Ryanair’s response to the IAA’s draft decision on summer schedules warns that its existing slots at Dublin Airport are “valuable rights”. It says that the IAA has no statutory basis to interfere with those entitlements and is exceeding its powers by “purporting to extinguish vested rights”.
Ryanair, Aer Lingus and the DAA have already asked the High Court to review the authority’s slot allocations for this winter. They can use the same proceedings to challenge the summer ruling when the case is heard on December 3rd. O’Leary confirmed that his company had already instructed its lawyers to do just that.
Aer Lingus also maintains that the IAA has no basis for its summer scheduling decision, but says it is assessing its legal options. While it is more restrained than Ryanair, it would be a major surprise to most in the industry if Aer Lingus did not also challenge the authority’s latest decision.
While no one can predict the outcome, most observers believe the Irish courts will refer the issue to Europe, as it turns on EU regulations and has implications for the bloc’s air travel treaties with the US. There is a precedent, of sorts. Earlier this year, the Netherlands backed down from a bid to limit capacity at Amsterdam Schiphol in the face of protests from Airlines for America member JetBlue, which also has operations at Dublin.
The Dutch authorities wanted to limit activity at Schiphol for various environmental reasons, including limiting noise. The EU Commission hailed the about-turn as a victory for consumers, and told the press that it would have intervened had the Netherlands persisted.

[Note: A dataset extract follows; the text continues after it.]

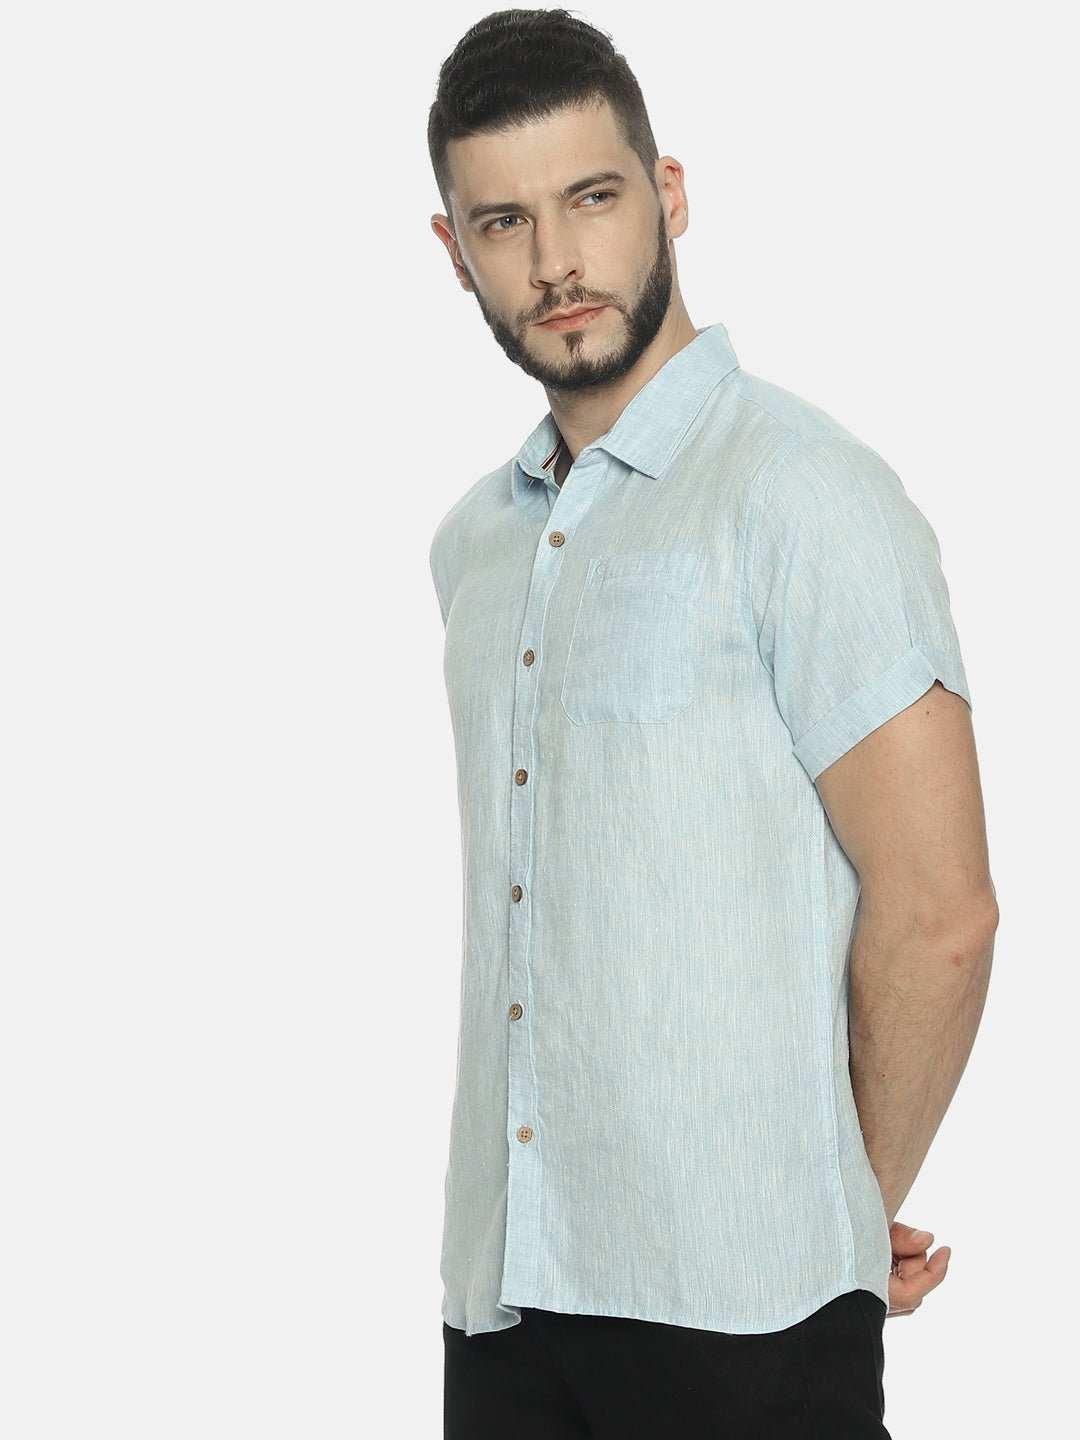 Ecentric Sky Blue Colour Slim Fit Hemp Casual Shirt - CBD Store India

So far, the Irish Government has avoided intervening directly in the airport cap row, even while most travel industry figures argue that a political solution is the only way out of the fix. Eamon Ryan, Minister for Transport, has consistently said that he cannot interfere in the planning process.
But that could take several years, DAA applied 10 months ago to the airport’s planning authority, Fingal County Council, to have the cap increased to 40 million. Fingal sought further information on the application, which DAA is due to provide next month. Any decision faces almost certain appeals.
Glatz says he is optimistic that politicians can solve the problem, although he suggests it could take months rather than weeks. He argues that whatever the minister’s or Government’s stance on the planning process they cannot disregard the Republic’s obligations under the EU-US treaty. “You can’t just wash your hands of your treaty duties,” he says.
O’Leary argues that there is a quicker solution. Ryanair wants the minister to direct the IAA to grant all airline slot requests, and says it has advice from senior counsel that he can do this under section 10 of the Aviation Regulation Act. However, the Department of Transport maintains that this power only allows Ryan to give directions on general policy, and does not extend to specific operations.
Ryan’s cabinet colleagues, including Taoiseach Simon Harris and his predecessor Leo Varadkar, have all said that the cap should be lifted, but have taken no steps themselves beyond this. Whether or not a general election, now thought to be likely within weeks, will change this depends on who takes over from the current minister.
In the meantime, anyone who is looking for cheap summer flights, or is planning to travel to one of Ireland’s three away Six Nations games next spring, should book early – because at this stage, it looks like air fares will be nothing to sing about.